Taipan: Efficient and Expressive State Space Language Models with Selective Attention
Chien Van Nguyen, Huy Huu Nguyen, Thang M. Pham, Ruiyi Zhang, Hanieh Deilamsalehy, Puneet Mathur, Ryan A. Rossi, Trung Bui, Viet Dac Lai, Franck Dernoncourt, Thien Huu Nguyen
2024-10-25

Summary
This paper introduces Taipan, a new type of language model designed to efficiently process long sequences of text while maintaining high performance in understanding and generating language.
What's the problem?
Large language models (LLMs) like Transformers struggle with long texts because they require a lot of memory and processing power. As the length of the input increases, the resources needed grow exponentially, making it difficult to handle very long sequences effectively. Existing models that use state space methods can manage memory better but often fail to perform well when they need to retrieve information from far away in the text.
What's the solution?
Taipan combines the strengths of a state space model called Mamba-2 with Selective Attention Layers (SALs). SALs help the model focus on important parts of the input that require long-range interactions while ignoring less important details. This allows Taipan to handle context lengths of up to 1 million tokens without sacrificing efficiency. The design ensures that the model can make accurate predictions even when dealing with very long texts.
Why it matters?
This research is significant because it addresses a major limitation in how language models process long sequences, which is crucial for applications like summarizing articles, answering questions based on lengthy documents, and more. By improving the ability of models to understand and generate language over extended contexts, Taipan could enhance various fields such as education, content creation, and data analysis.
Abstract
Efficient long-context language modeling remains a significant challenge in Natural Language Processing (NLP). While Transformers dominate language tasks, they struggle with long sequences due to quadratic computational complexity in training and linearly scaling memory costs during inference. Recent State Space Models (SSMs) such as Mamba offer alternatives with constant memory usage, but they underperform in tasks requiring extensive in-context retrieval. We introduce Taipan, a novel hybrid architecture that combines Mamba-2 with Selective Attention Layers (SALs).
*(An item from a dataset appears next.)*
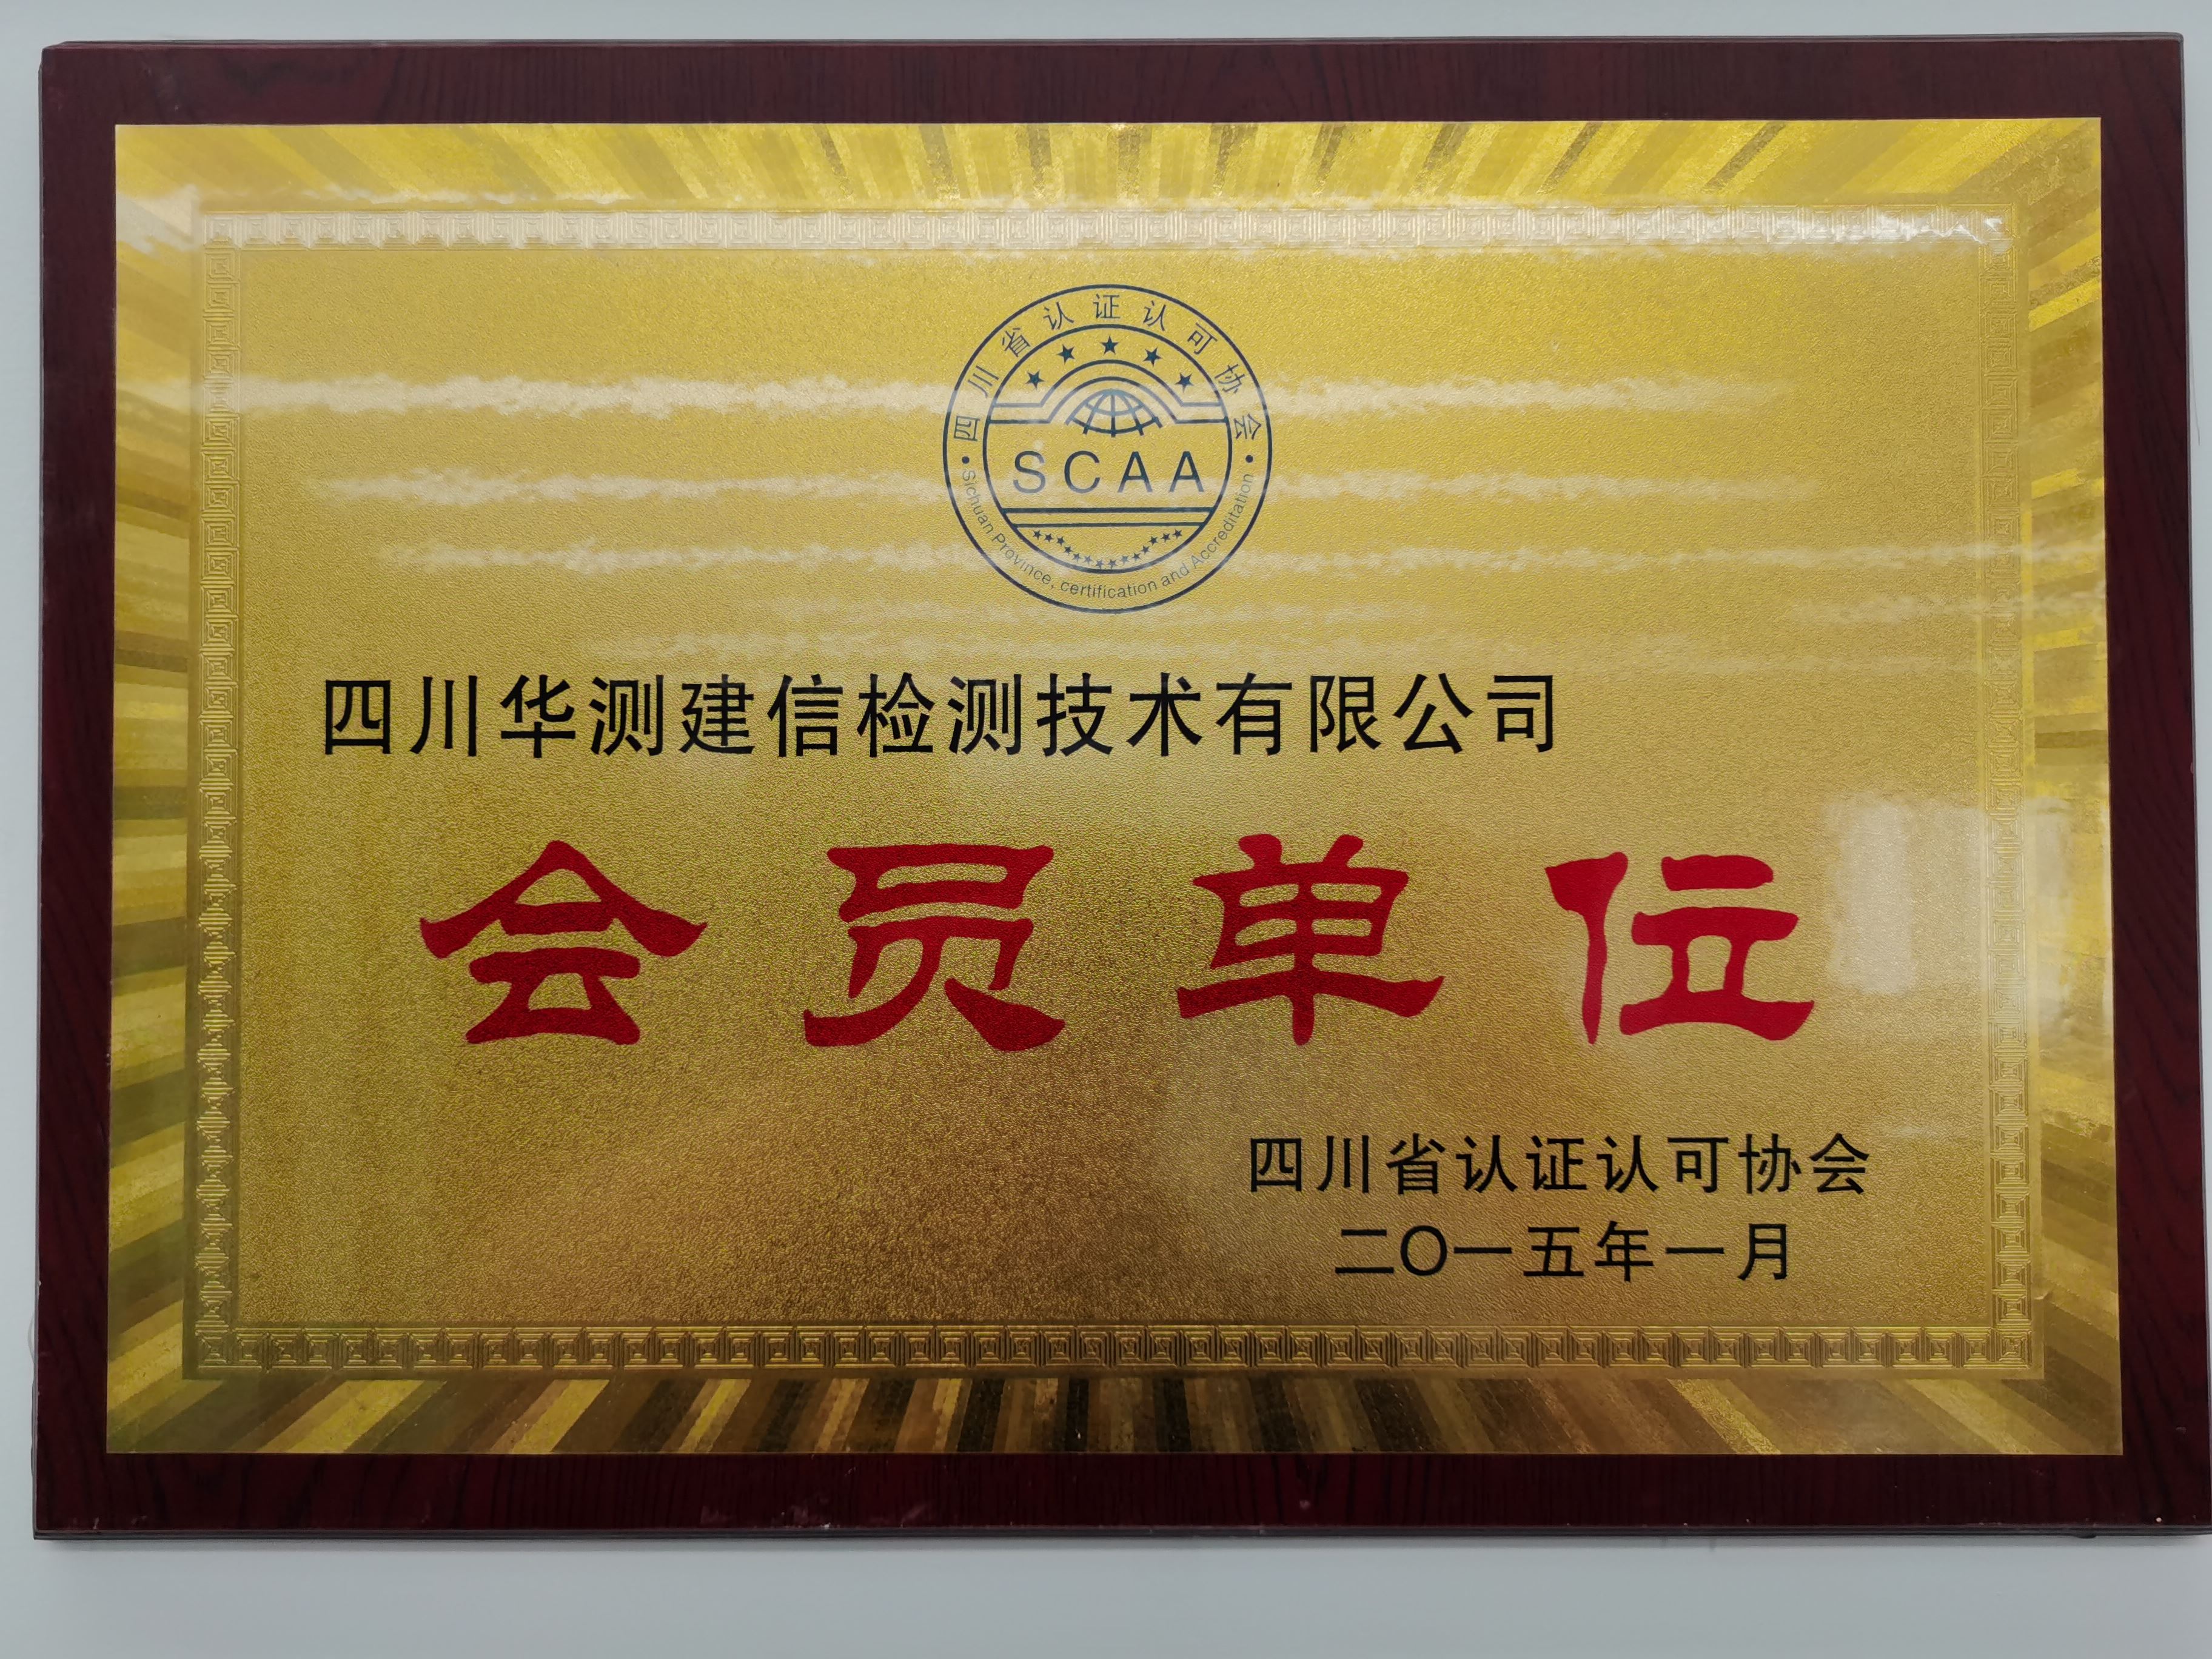 四川省认证认可协会会员单位

These SALs identify tokens requiring long-range interactions, remove less important features, and then augment their representations using the attention module. This approach balances Mamba's efficiency with Transformer-like performance in memory-intensive tasks. By constraining the attention budget, Taipan extends accurate predictions to context lengths of up to 1 million tokens while preserving computational efficiency. Our experiments demonstrate Taipan's superior performance across various scales and tasks, offering a promising solution for efficient long-context language modeling.